# wrff trikes



## schwinnman (Sep 21, 2014)

I just got a wrff trike snoop dog edition needs front right rim and the spinners I never saw this thing until today im glad I didn't pay for it I have clue where to get parts or what it is worth I posted pic when I can get cam. to work .


----------



## sfhschwinn (Sep 21, 2014)

a friend of mine found one and I have it up for sale, it is exactly the same as yours. I have seen them sell $50 to $150 based on condition. You can ride it as a bike with a passenger standing on the platform, or ride as a scooter.


----------



## schwinnman (Sep 21, 2014)

sfhschwinn said:


> a friend of mine found one and I have it up for sale, it is exactly the same as yours. I have seen them sell $50 to $150 based on condition. You can ride it as a bike with a passenger standing on the platform, or ride as a scooter.
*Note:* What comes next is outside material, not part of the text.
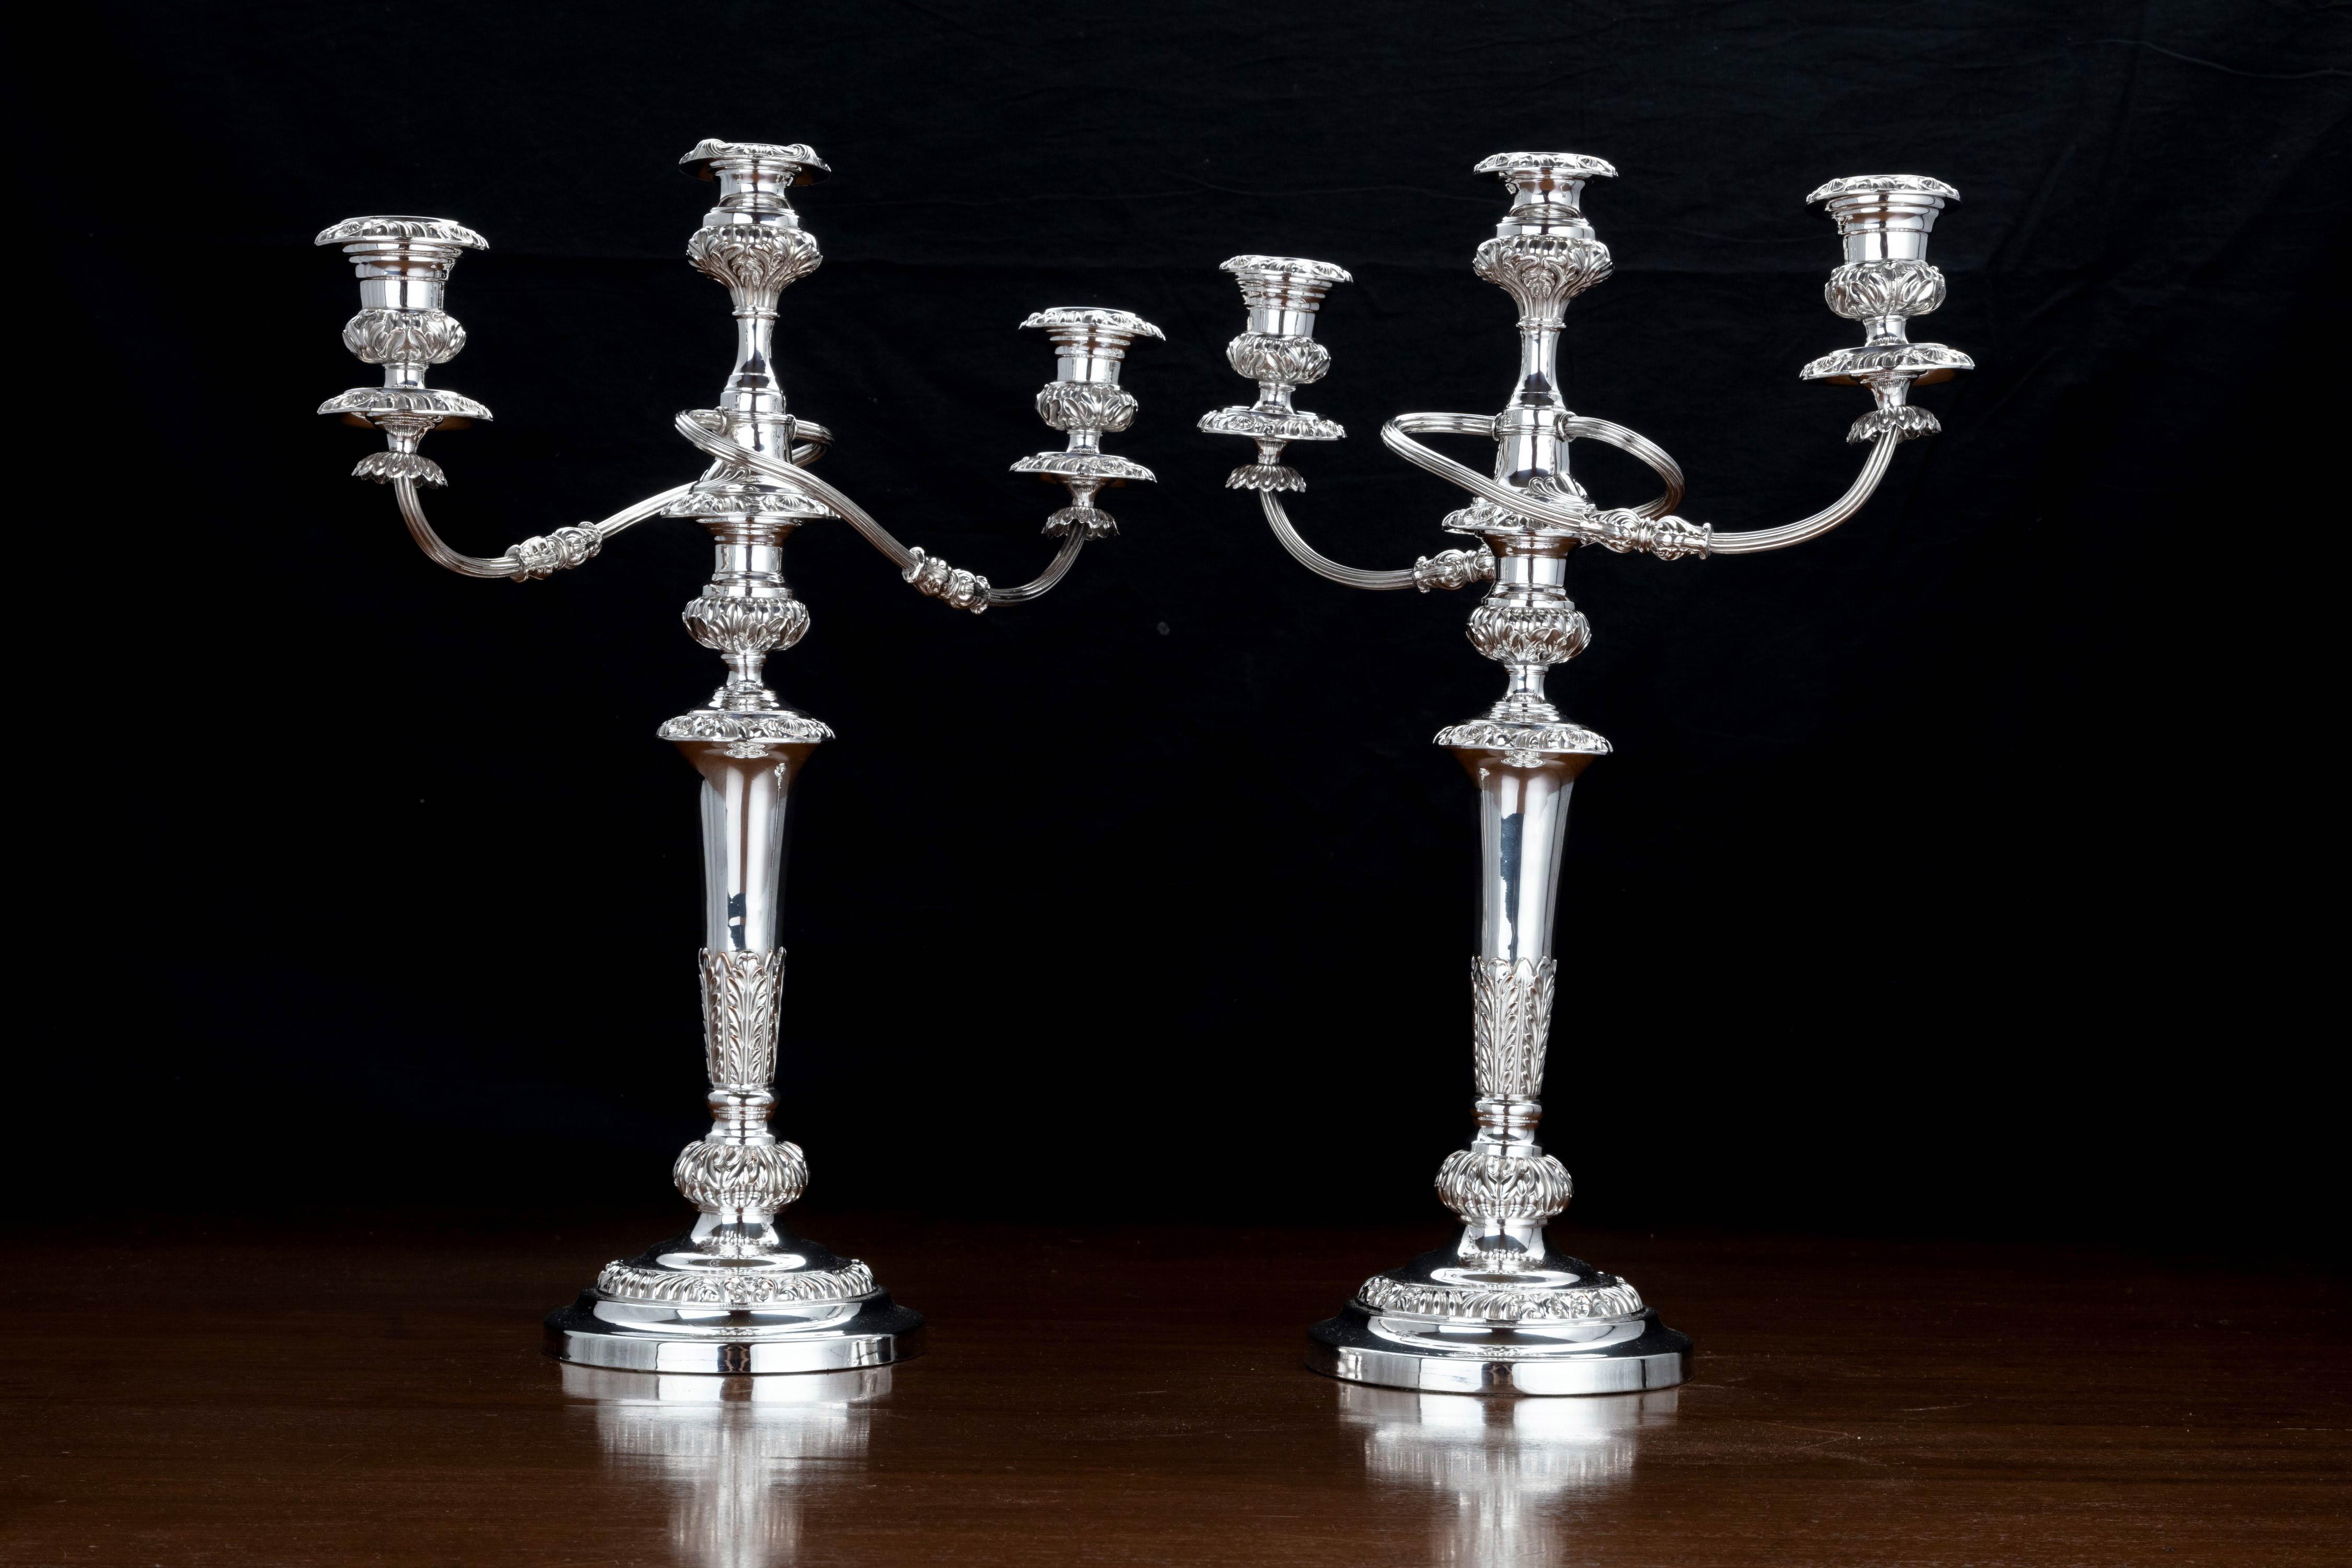 A good pair of Sheffield-plated, three-arm candelabra in excellent original condition. Very well cast details. The arms swept. Can be used as a pair of candlesticks or candelabra.

do you know where I can get parts?


----------



## sfhschwinn (Sep 23, 2014)

I have no idea where to get the parts. I don't think they made spare parts and if they did I doubt you will find them.


----------



## spoker (Sep 23, 2014)

maby a gocart shop or hardware shop mite have somthing,you may have to get 2 wheels so they match,is the one wheel no repairable?or one of the kides bikes with wheels,iv never seen one,but my dad used to say its not complicated,its just bolts and nuts


----------